Example Destination Transform and Mask

e1_dt.jpg
Enclave Left Destination Transform
e2_dt.jpg
Enclave Right Destination Transform
e_mask.jpg
Enclave Mask

Mosaics

w_mosaic.jpg
Woz Mosaic
e_mosaic.jpg
Enclave Mosaic
h_mosaic.jpg
HMMB Mosaic
a_mosaic.jpg
Apartment Mosaic

Project 4B: Feature Matching for Autostitching

Background

In Project 4A, we worked with stitching with manually-selected points. In this part, we will be automating the stitching process. Points are selected with Harris Interest Point Detector and ANMS before getting matched. Then RANSAC is used to increase match accuracies. Finally, we have a set of points and a homography matrix that we can use to warp and mosaic.

1. Detecting Corner Features

Approach

In order to find the interest points for each image, I first converted to grayscale before using the Harris Interest Point Detector code from the course website. Next, to restrict the number of interest points, I implemented Adaptive Non-Maximal Suppression (ANMS). I followed the formula ri = min_j |xi - xj|, s.t. f(xi) < c_robust f(xj), xj in I from the paper, handling infinite radii by replacing them with the largest non-infinite radius. I used n_ip = 50 interest points and c_robust = 0.9 .

Harris Interest Points v.s. ANMS

woz1_harris.jpg
Woz Left Harris Interest Points
woz1_anms.jpg
Woz Left ANMS
woz2_harris.jpg
Woz Right Harris Interest Points
woz2_anms.jpg
Woz Right ANMS
enclave1_harris.jpg
Enclave Left Harris Interest Points
enclave1_anms.jpg
Enclave Left ANMS
enclave2_harris.jpg
Enclave Right Harris Interest Points
enclave2_anms.jpg
Enclave Right ANMS
apt1_harris.jpg
Apartment Left Harris Interest Points
apt1_anms.jpg
Apartment Left ANMS
apt2_harris.jpg
Apartment Right Harris Interest Points
apt2_anms.jpg
Apartment Right ANMS
hmmb1_harris.jpg
HMMB Left Harris Interest Points
hmmb1_anms.jpg
HMMB Left ANMS
hmmb2_harris.jpg
HMMB Right Harris Interest Points
hmmb2_anms.jpg
HMMB Right ANMS

2. Extracting Feature Descriptors

Approach

First, I applied my Gaussian blur function from Project 2 to blur the grayscale version of each image. Next, following the paper, I sampled each 40x40 square around every interest point, resized to an 8x8 patch, and normalized. Finally, I stored a flattened version of each patch in a (n_ip, 64) array.

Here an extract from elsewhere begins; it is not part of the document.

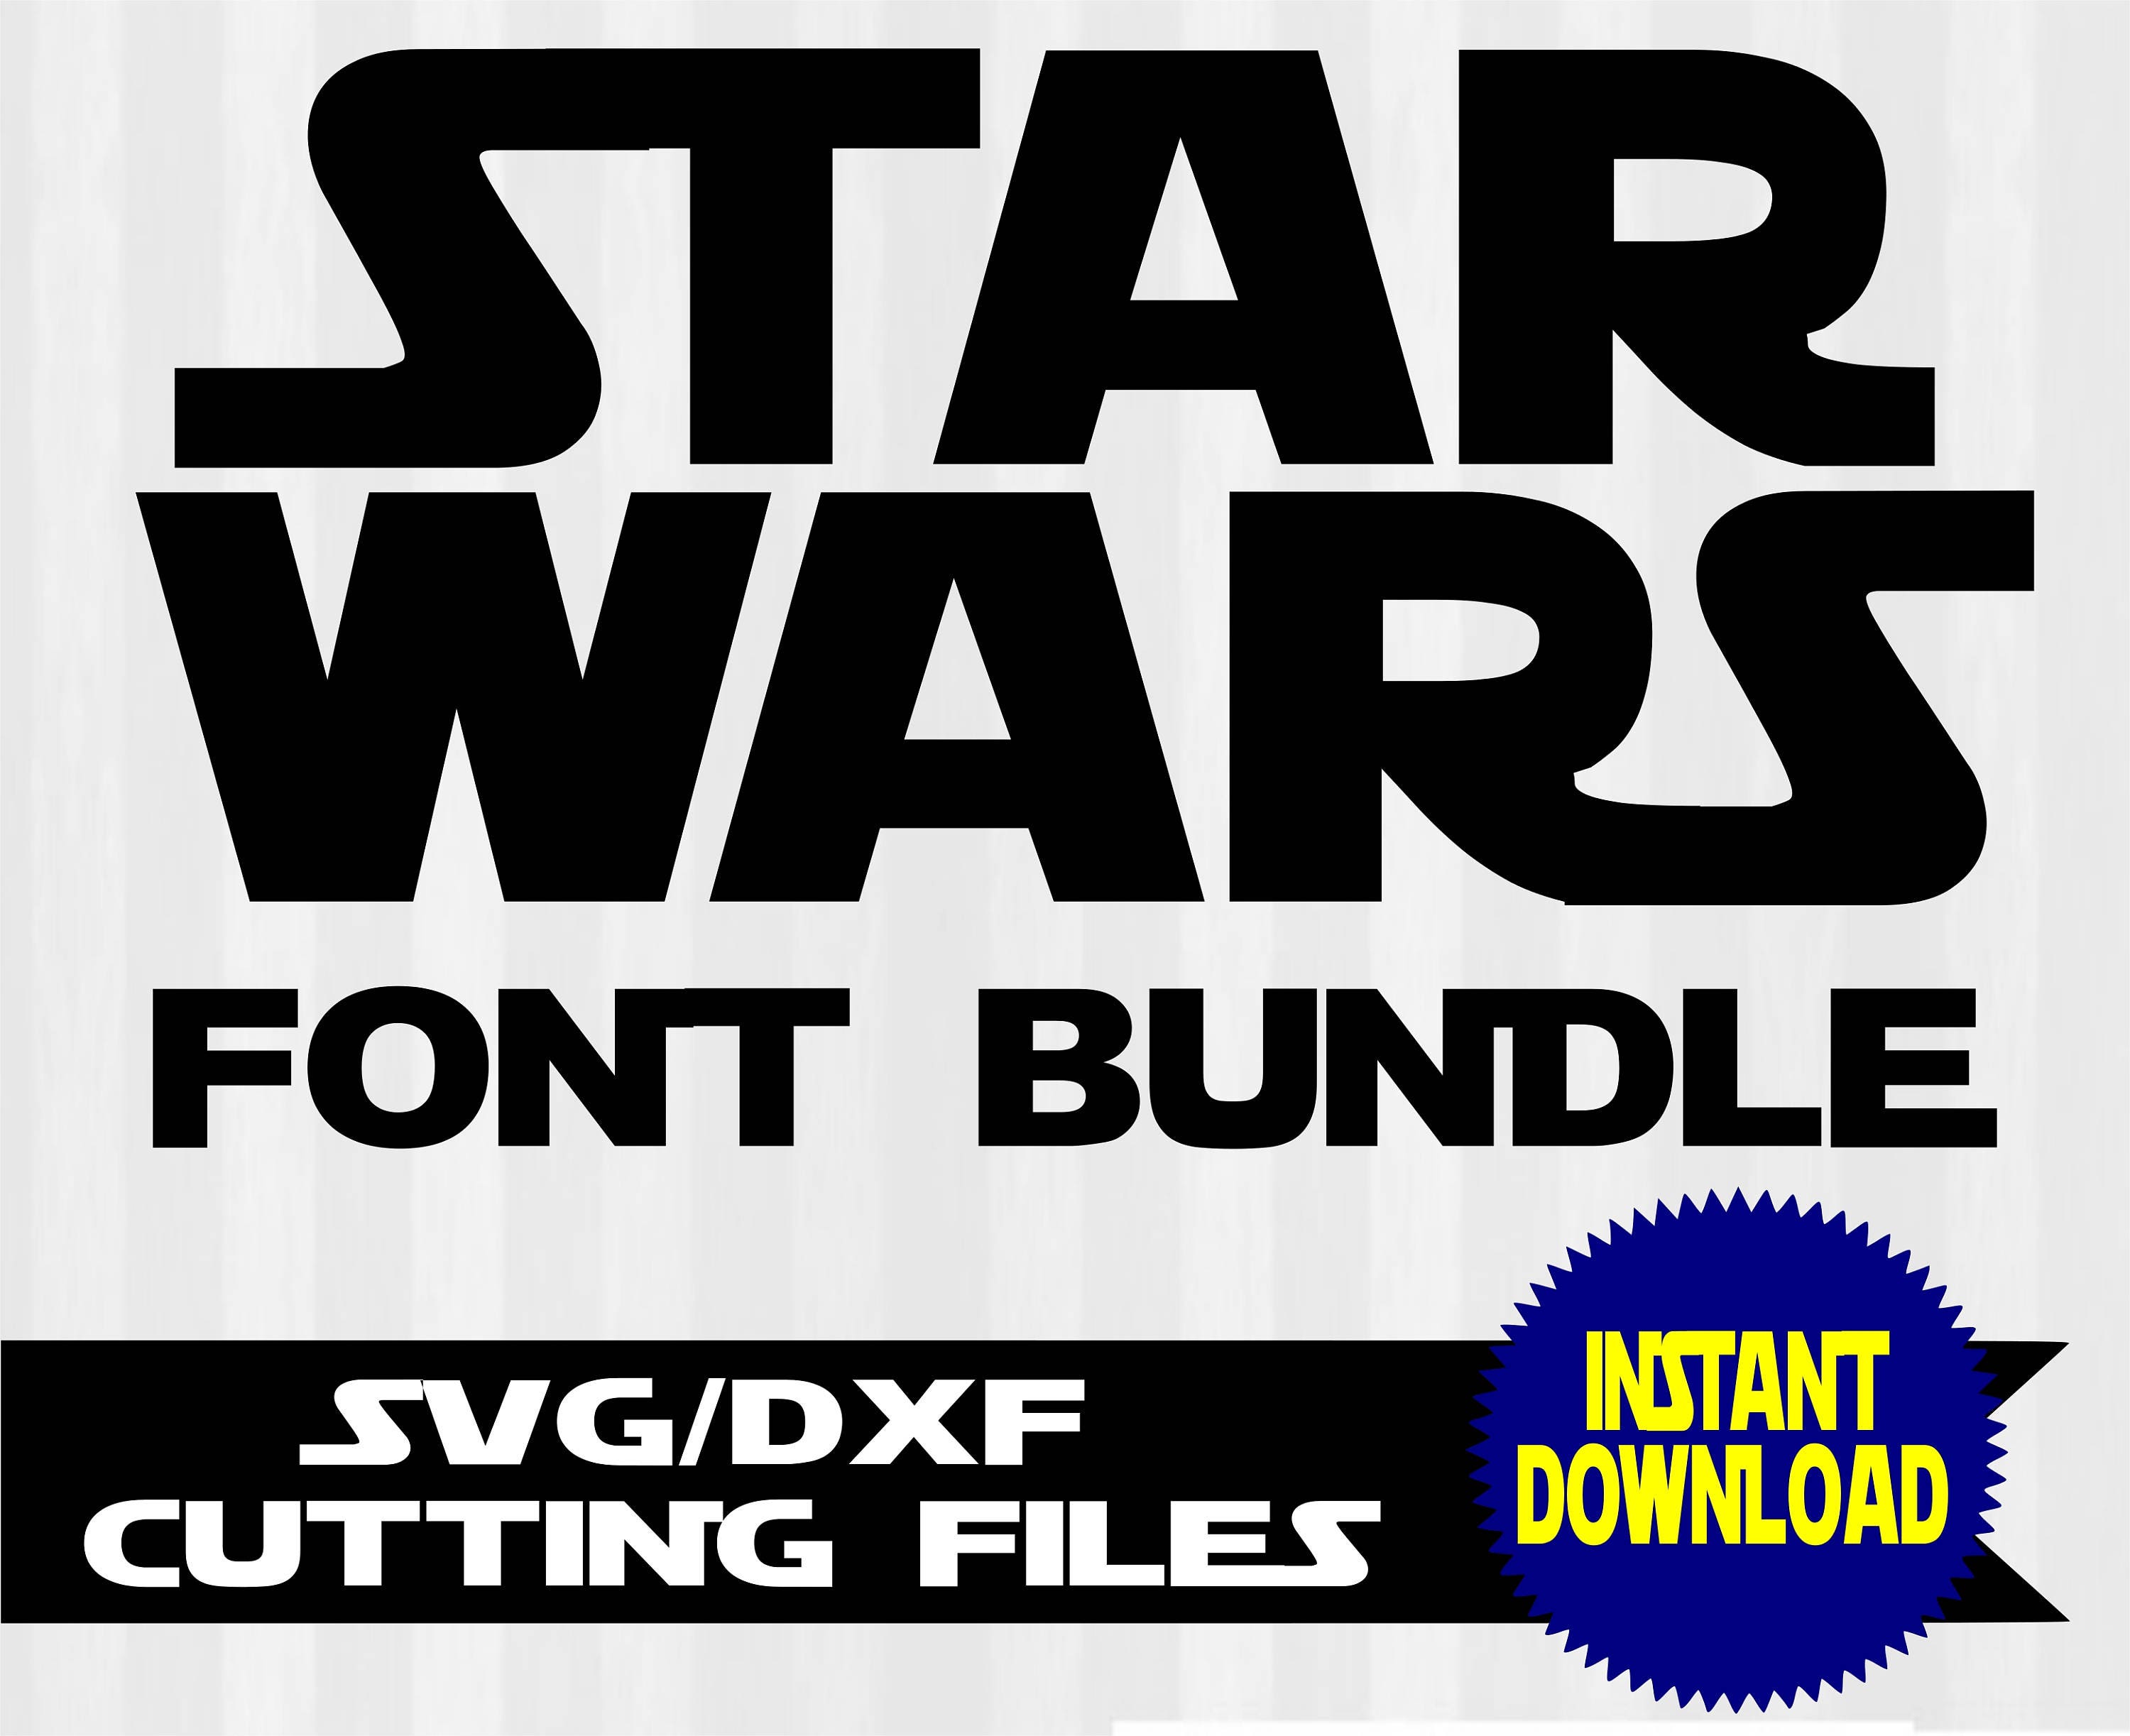 closest font to star wars on microsoft word

Feature Descriptors for Woz Left

woz_descr.jpg

3. Matching Features

Approach

To match the features between two images, I once again followed the paper. First, I set an image to be the reference image. I then found the 1- and 2-NNs for the reference neighbors by calculating the distances between each feature between the reference and second image. Finally, I filtered through all of the points using Lowe's threshold formula 1-NN / 2-NN < threshold and returned an array of matching indices. I used a threshold of 0.8 in this part.

Examples of Matched Features

woz_match.jpg
Woz Matches
enclave_match.jpg
Enclave Matches
apt_match.jpg
Apartment Matches
hmmb_match.jpg
HMMB Matches

4. RANSAC

Approach

In the previous part, it can be observed that some points are matched incorrectly - thus, we use RANSAC to reduce inaccuracies. For this part, I implemented 4-point RANSAC by exactly following the lecture slides. To calculate homographies, I used computeH from Project 4A. I had to slightly modify how I did operations with the homography matrix due to array shapes and x and y coordinates flipping. My RANSAC function outputted the largest set of inliers and its homography matrix, as outlined in the paper.

Matched Features After RANSAC

woz_ransac.jpg
Woz RANSAC
enclave_ransac.jpg
Enclave RANSAC
apt_ransac.jpg
Apartment RANSAC
hmmb_ransac.jpg
HMMB RANSAC

5. Mosaicing

Approach

Based on the points and homographies from RANSAC, I warped the right image to the left image using a slightly modified warpImage method (to account for different input shapes). The rest of the mosaicing process is identical to Project 4A.

Autostitched Mosaics

w_mosaic.jpg
Manual
woz_astitch.jpg
Autostitched
e_mosaic.jpg
Manual
enclave_astitch.jpg
Autostitched
a_mosaic.jpg
Manual
apt_astitch.jpg
Autostitched
h_mosaic.jpg
Manual
hmmb_astitch.jpg
Autostitched

What I've Learned

The coolest thing I learned in this project was how we're able to mathematically match features, and how random sampling processes like RANSAC can reduce inaccuracies. Also, I really liked how autostitching can end up stitching images better than manually selecting points.